They used monochromatic light – sunlight that had been filtered to leave only a single color – and found that a variety of different liquids – sixty of them – did indeed change the color of the light. They first observed this in April 1923, but very weakly.
In 1927, they found a particularly strong color change in light scattered by glycerol (then called glycerine):
“…the highly interesting result that the colour of sunlight scattered in a highly purified sample of glycerine was a brilliant green instead of the usual blue.”
Raman’s team observed the effect in gases, crystals, and glass. The effect might have been mistaken for fluorescence, another phenomenon in which light has its color changed, but in Raman’s work the light scattered by liquids was polarized, which ruled out fluorescence.
What came to be known as the Raman effect – a color change accompanied by polarization – had never been seen before. The inelastic scattering at its heart was a further, very strong, confirmation of quantum theory.
Approximate Representation of the Raman Effect
(A) Blue light approaches a molecule, and then (B) Lower energy green light leaves the molecule. This is inelastic scattering: the light has given some of its energy to the molecule, causing it to vibrate more strongly.
The Raman effect is a very small effect compared with Rayleigh scattering. Only about 1 in ten million photons undergoes inelastic scattering.
Raman and his colleague K.S. Krishnan reported their discovery in March 1928 in Nature.
Raman was awarded the 1930 Nobel Prize in Physics for “work on the scattering of light and for the discovery of the effect named after him.”
“It appears to me that this very beautiful discovery which resulted from Raman’s long and patient study of the phenomenon of light scattering is one of the best convincing proofs of the quantum theory.”
“[The Raman effect], whose explanation agrees so well with quantum theory, will undoubtedly become a vital source in growing our knowledge of the states of atoms or molecules in transitions, between which their characteristic spectra are emitted.”
Raman Spectroscopy
Raman showed that the energy of photons scattered inelastically serves as a ‘fingerprint’ for the substance the light is scattered from. As a result of this, Raman spectroscopy is now commonly used in chemical laboratories all over the world to identify substances. It is also used in medicine to investigate living cells and tissues – even detecting cancers – without causing harm. Laser light rather than sunlight is used as the source of photons.
The Photon’s Spin
In 1932, Raman and his student Suri Bhagavantam discovered that photons of light carry angular momentum – in quantum terms, photons possess a property called spin.
Light and other forms of electromagnetic radiation pass their angular momentum to atoms that absorb them.

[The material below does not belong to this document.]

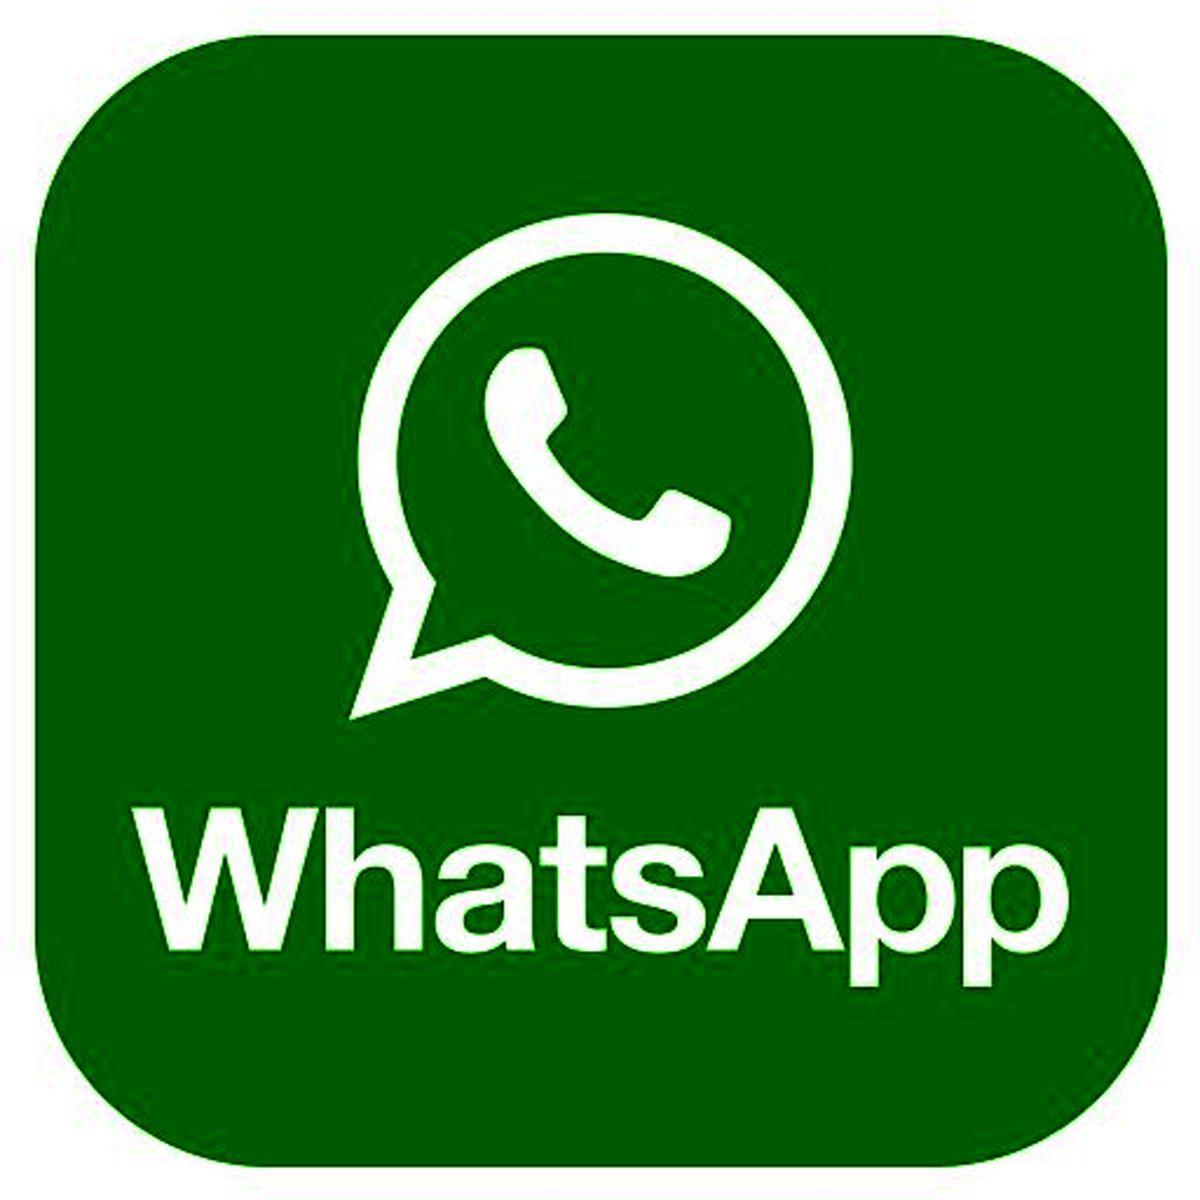 تنظیمات جدید واتساپ برای جلوگیری از عضویت ناخواسته در گروهها

Some Personal Details and the End
Raman married Lokasundari Ammal in 1907. The couple had two sons: Radhakrishnan, who became a distinguished astrophysicist, and Chandrasekhar.
Raman was knighted in 1929 for his discovery of the Raman Effect, becoming Sir Chandrasekhara Venkata Raman.
Raman’s Nobel Prize winning work was initially inspired by observations he made on a sea voyage. Coincidentally, it was on a sea voyage that another Indian Nobel Prize winner, Subrahmanyan Chandrasekhar, actually carried out most of his Nobel Prize winning work. And, even more coincidentally, C.V. Raman was Chandrasekhar’s uncle!
Raman had supreme confidence in his own ability. When the Palit Chair of Physics was endowed at the University of Calcutta, one of the conditions was that the holder would carry out research in other countries to increase Indian expertise. Raman refused to do this. He said that scientists should come from other countries to learn from him. He was so sure he would win the 1930 Nobel Prize that he booked tickets to Sweden four months before the winner was announced.
In 1933, Raman became the first Indian director of the Indian Institute of Science in Bangalore. In 1947, he became independent India’s first National Professor. In 1948, he founded the Raman Research Institute in Bangalore, where he worked until the end of his life.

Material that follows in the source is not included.